Régina tressaillit quand d'Emma, dans un geste protecteur effleura sa tempe pour passer une mèche rebelle derrière son oreille. Elle pencha la tête sur le côté pour prolonger le contact avec les doigts fins de la blonde. Celle-ci lui sourit et déposa un baiser chaste sur son front.
- « Emma, tu as raison, ma mère veut que je te quitte et si je ne le fais pas, elle promet de tout faire pour m'empêcher d'adopter Erin… »
- « Quoi ? Mais c'est une grande malade ? J'y crois pas ! Elle irait jusqu'à punir une gamine parce qu'elle refuse de te voir heureuse avec moi ? »
- « C'est moi qu'elle veut punir avant tout. Elle veut me faire payer de n'avoir rien pu faire contre mon mariage avec Léopold et l'adoption d'Henry qu'elle continue à appeler le bâtard… Si je ne lui obéis pas et reste à tes côtés, elle témoignera en faveur de Mendell, comme quoi c'était un gentil garçon qui a beaucoup souffert. C'est texto ce qu'elle m'a dit.»
Emma serrait les poings et, la mâchoire crispée, elle se tourna vers son avocat.
- « Maitre,… »
- « Leroy j'ai dit. »
- « Ok, Ok, Leroy, quelle est le délai de prescription pour une agression caractérisée ayant entrainé une invalidité ? »
Régina se raidit.
- « Emma, non ! »
La blonde se tourna vers sa compagne et lui murmura discrètement:
- « Ne t'inquiète pas, je ne vais rien révéler mais je veux savoir quelles sont les cartes dans mon jeu et dans celui de mon adversaire… Leroy ? »
- « S'il reste des témoins fiables et qu'il y a des preuves de la gravité des blessures, 20 ans minimum en fonction de l'état dans lequel se sont produits les faits. »
- « Pas de problème pour les témoins et je suis sure qu'il doit y avoir un dossier médical quelque part.
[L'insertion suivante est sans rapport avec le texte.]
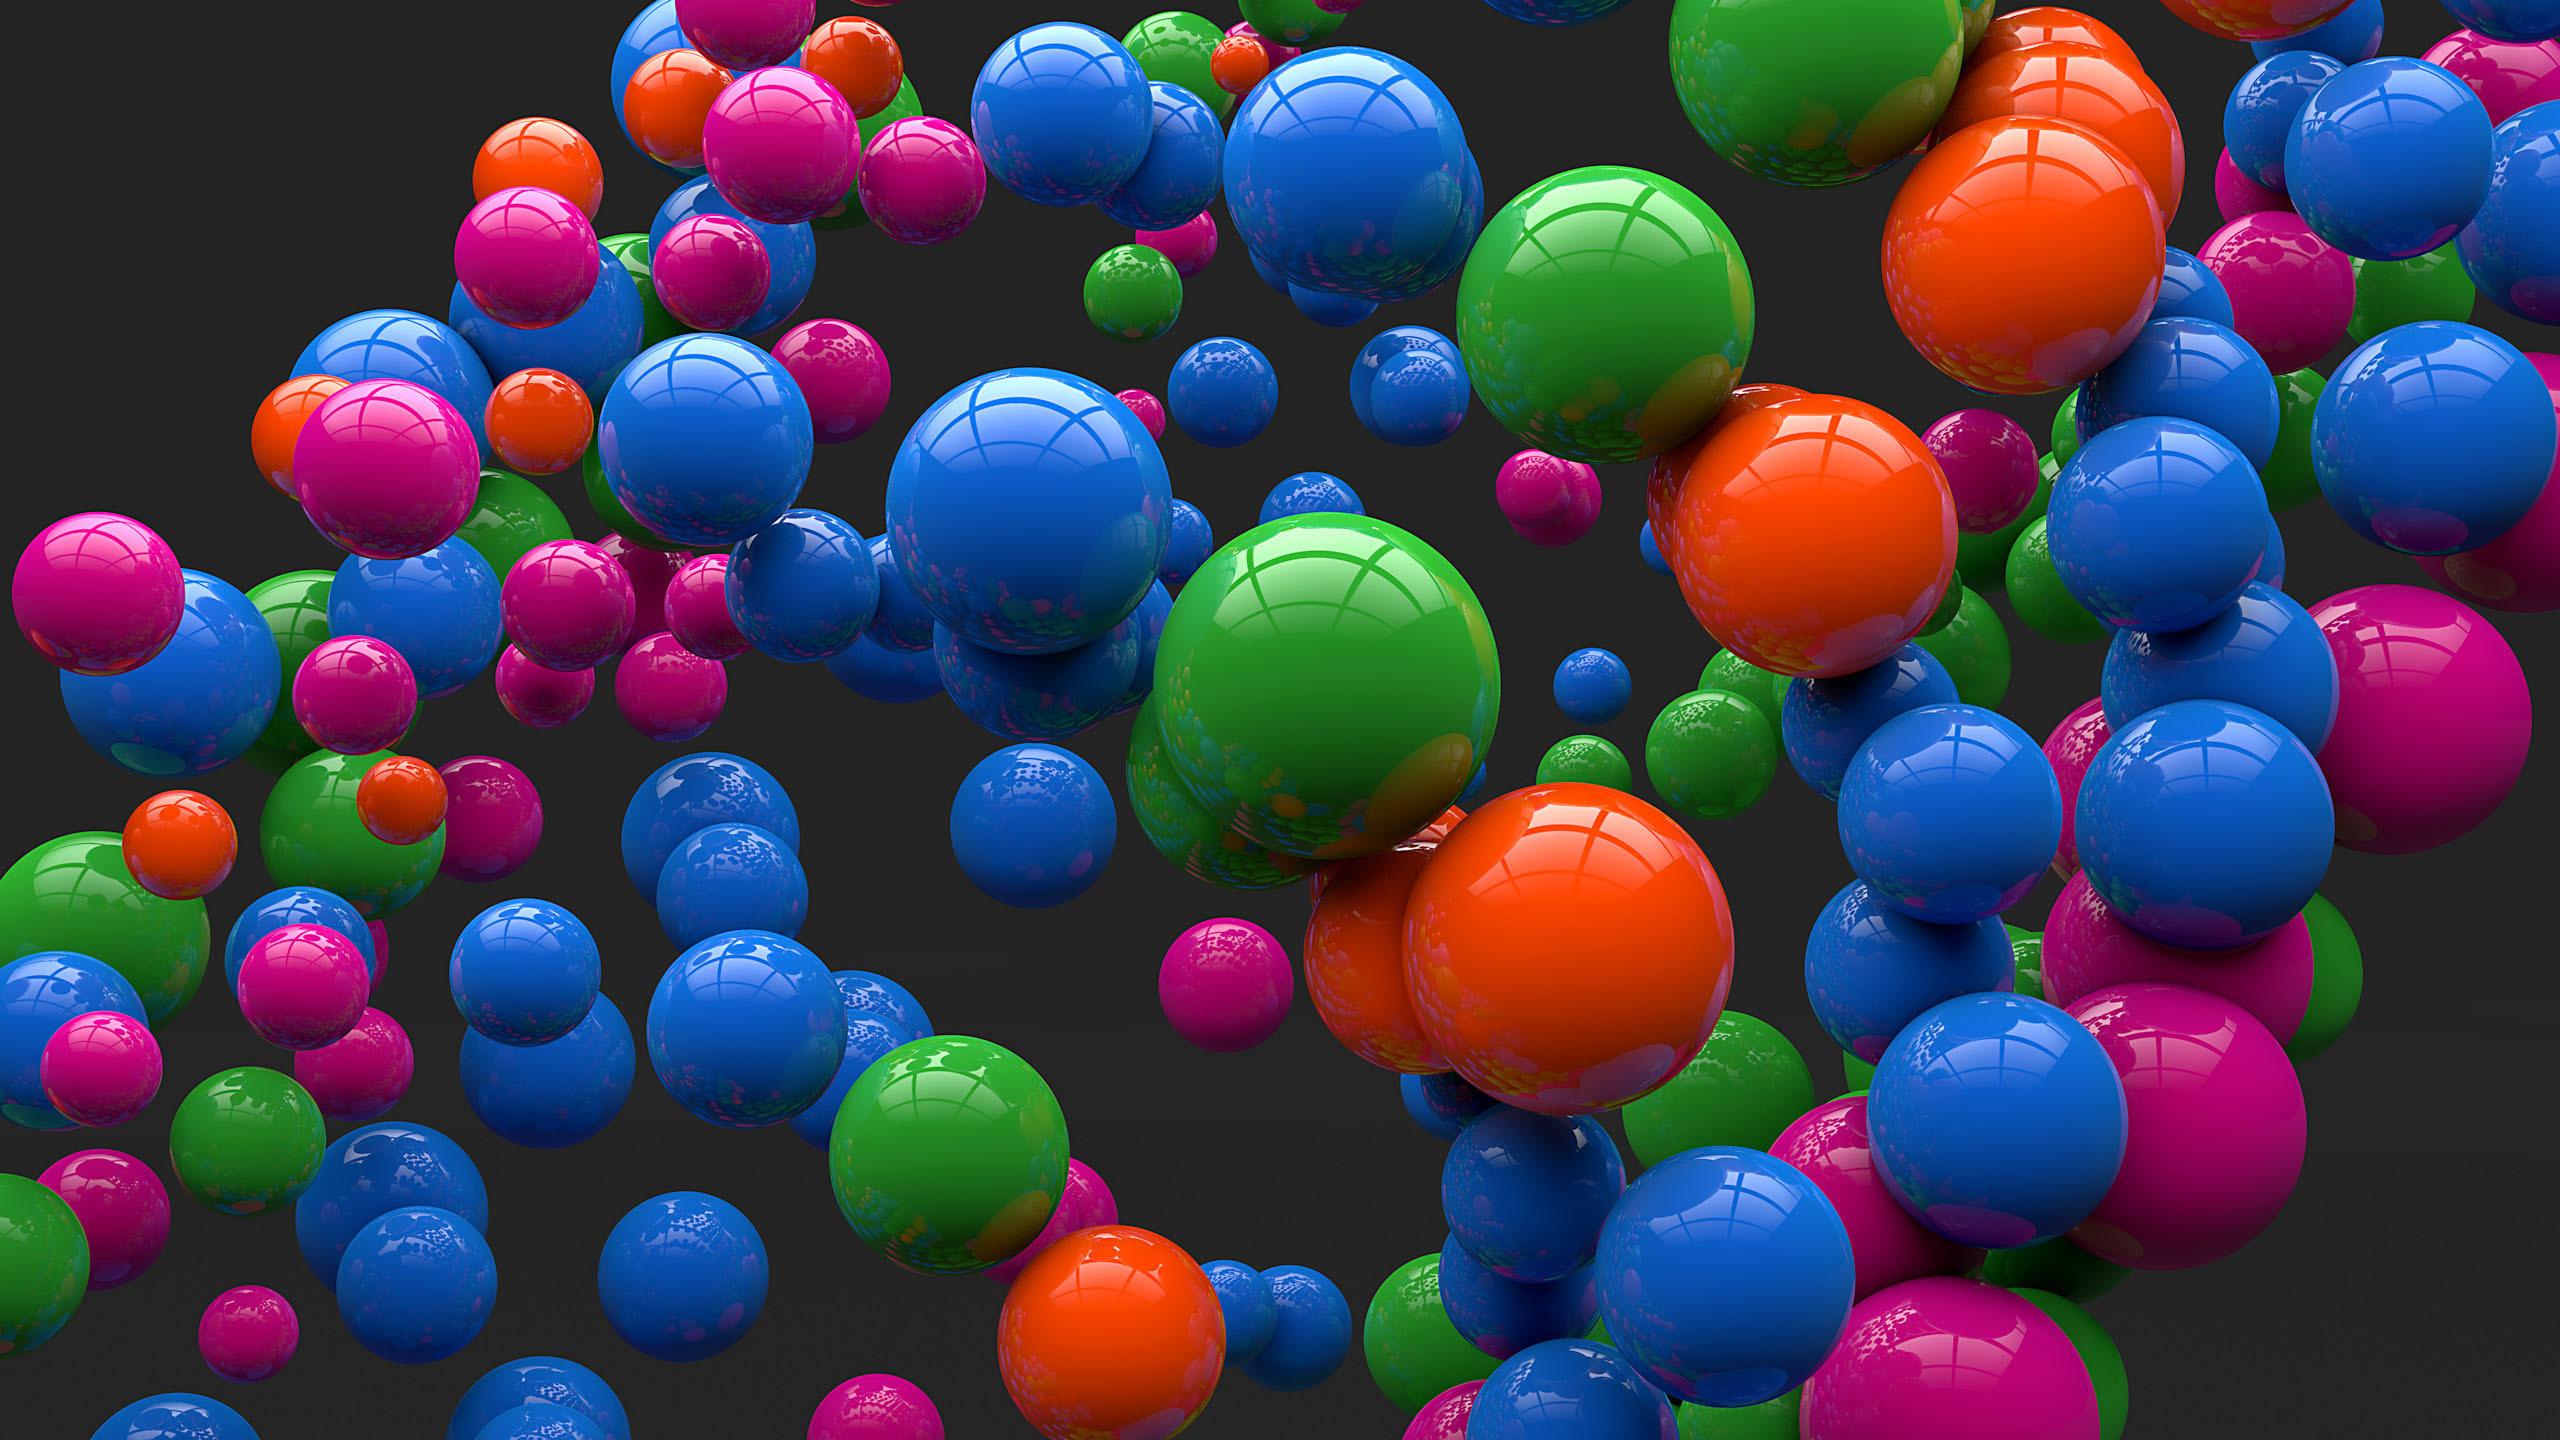 Cool Orange Bubbles wallpaper x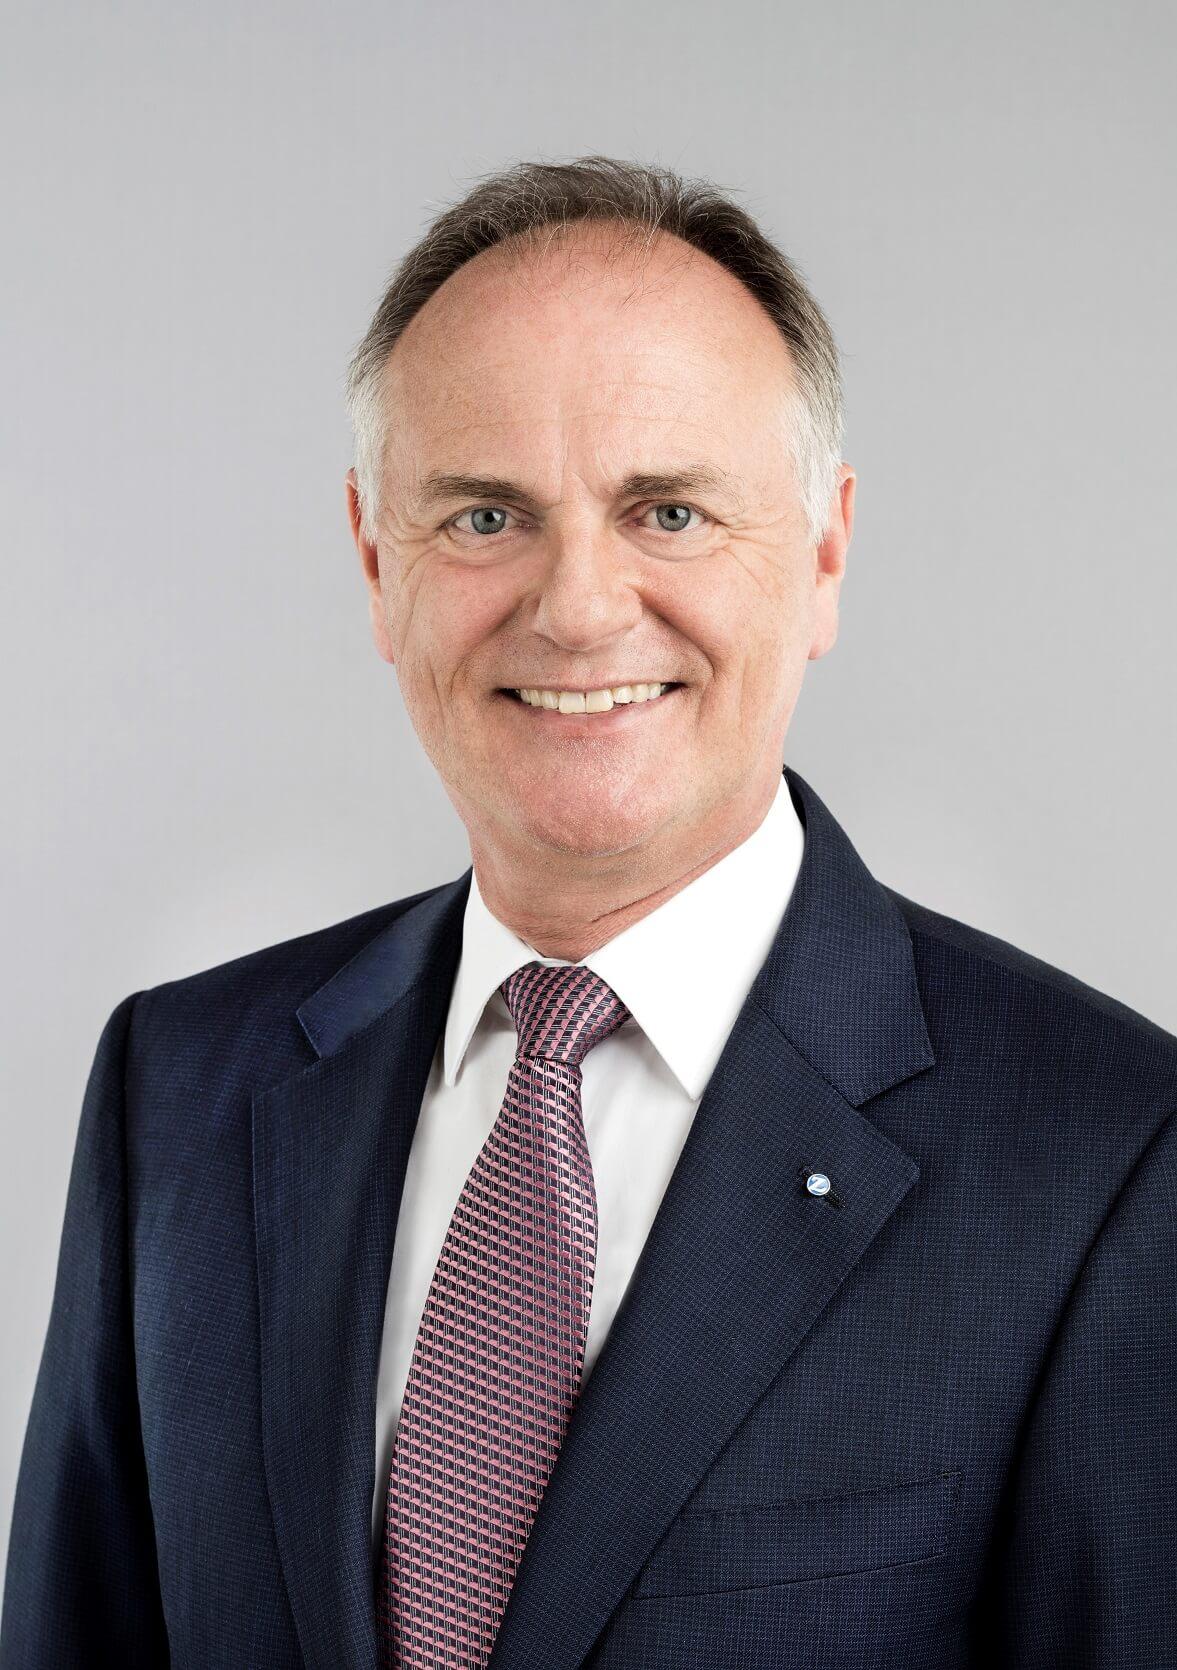 Dr. Gerhard Matschnig

Pour le Maine c'est 20 ans ou plus ? »
- « J'en sais rien, je dois vérifier. Le Maine ? A quoi pensez-vous Emma ? »
- «Rien de vraiment utile dans l'immédiat mais renseignez-vous s'il vous plait, ça peut être important. »
La policière se tourna vers sa compagne, un sourire en coin. La brune la regardait affolée.
- « Non Emma, non, je ne veux pas remettre tout ça sur la table… »
- « Ecoute moi Gina, je n'y tiens pas non plus mais s'il le faut, je n'hésiterai pas à faire chanter ta mère. Si elle veut la guerre, elle l'aura. Mais avant je dois te demander une chose. L'agression, c'était il y a combien de temps? »
- « Je n'avais pas 18 ans, cela fait un peu plus de 20 ans… »
- « Eh M… ! Enfin, attendons le résultat des recherches de Leroy. »
- « Tu l'appelles par son prénom maintenant ? »
- « Ouais, c'est une longue histoire. C'est un type bien sous ses airs bourrus… »
On frappa à la porte et Astrid entra avec un plateau. Ils eurent tout juste le temps de boire leur café avant que la sonnette annonçant la reprise de l'audience ne sonne.
L'après-midi commença par le témoignage d'Emma. Elle dût reprendre une à une toutes les étapes de cette terrible journée et y apporter des précisions quand c'était nécessaire. Alors quelles abordaient la scène de l'intervention, le procureur insista pour qu'elle détaille précisément tout ce qui s'était passé à partir de leur entrée dans le cabanon de pêcheur.
- « Jeff et moi nous sommes présentés devant la porte. Il a frappé en criant « Police, Ouvrez!» Comme il n'y avait pas de réponse, j'ai tenté d'ouvrir la porte. Celle-ci n'était pas verrouillée. Nous sommes donc entrés mais, de là où nous étions, nous n'avons vu personne. L'endroit était exigu mais renfermait tout un tas de choses empilées çà et là. Il y avait peu de lumière qui filtrait par l'unique fenêtre, minuscule. Nous avons dû nous avancer plus à l'intérieur pour nous assurer qu'il n'y avait réellement personne… »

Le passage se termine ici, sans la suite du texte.